Today, we were treated to another set-piece Obama speech, and my didn’t he go on a bit? The crowd in Prague was huge, and initially wildly enthusiastic, but what he served up was not any more impressive than his damp squib in Berlin last year. Is there a computer which churns this stuff out for him? . . .
Empires rising and falling, destinies being defined and a Golden City standing as a monument to unconquerable spirit… goodness, what a ham. When he really gets going he’s worse than Tony Blair.
But Obama was only warming up. “When I was born,” (Everything usually leads back to him, you’ll notice)… “the world was divided, and our nations were faced with very different circumstances. Few people would have predicted that someone like me would one day become an American President.” (Him again)…
“Few people would have predicted that an American President would one day be permitted to speak to an audience like this in Prague. And few would have imagined that the Czech Republic would become a free nation, a member of NATO, and a leader of a united Europe. Those ideas would have been dismissed as dreams”. (Not by Ronald Reagan they wouldn’t have been, when most of Obama’s Democrat friends thought the then US President’s robust approach to the Cold War made him a loony on the loose).

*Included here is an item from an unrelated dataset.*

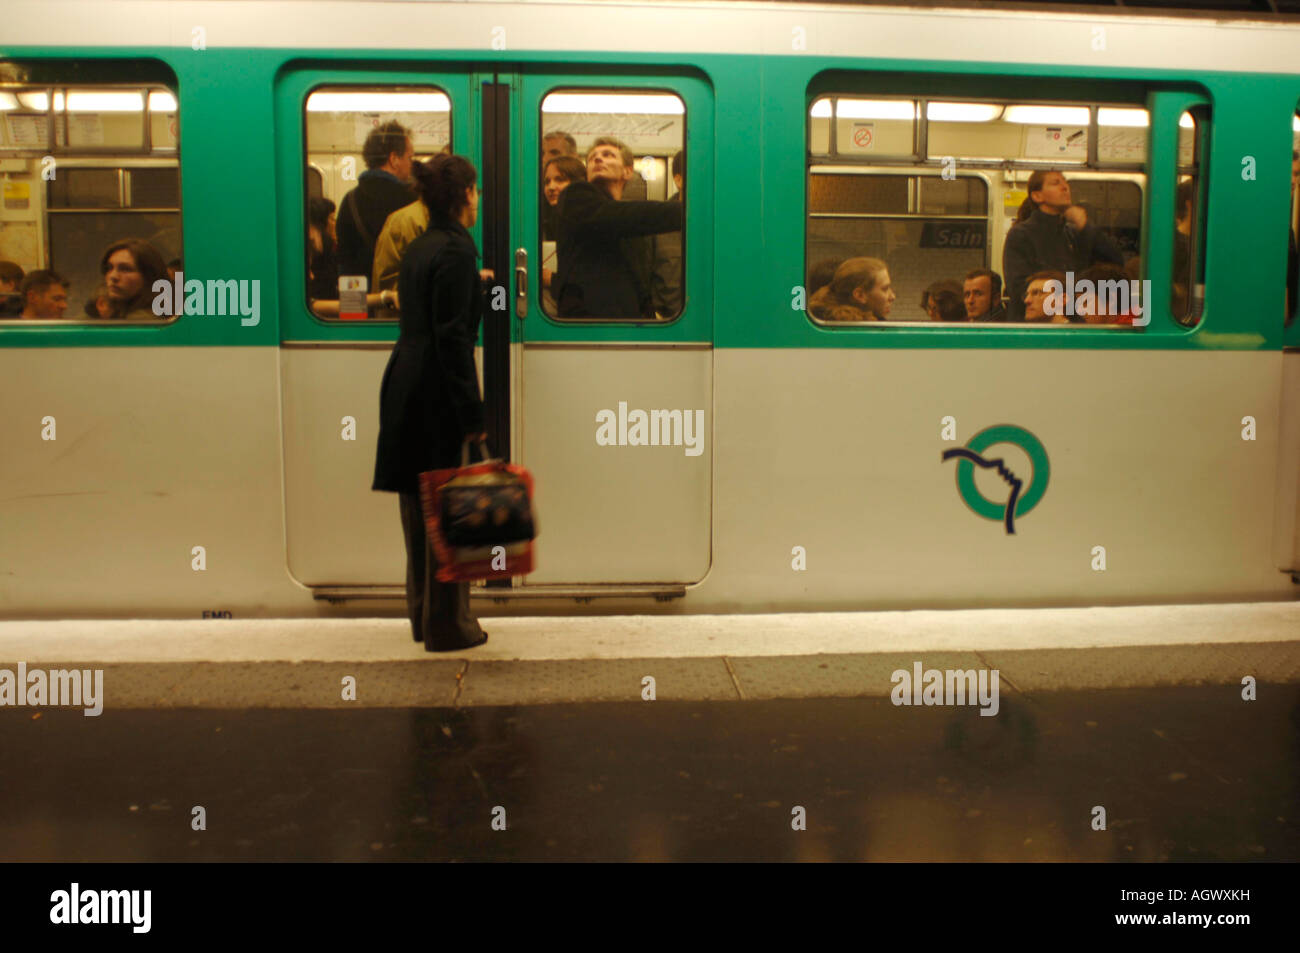 Les parisiens en attente d'un train sur le métro de Paris à la gare de St Germain des Prés Banque D'Images

ITEM: As for the continuing crisis, this graph apparently is quite popular all over the net:
The key take-away from the graph above is to note the series of “bounces” in each bear market, where the stock prices rise for weeks or even months before declining again and to an even lower level. The big dispute right now is whether the market has hit bottom or whether it’s just going through a temporary rise. I have no clue, but then, I have no stocks. Or bonds.
As for the overall historical trends, this chart — covering 140 years — shows the ups and down over time:
The takeway here is: stocks go up and stocks go down. The overall trend is up, but that trend is measured in decades.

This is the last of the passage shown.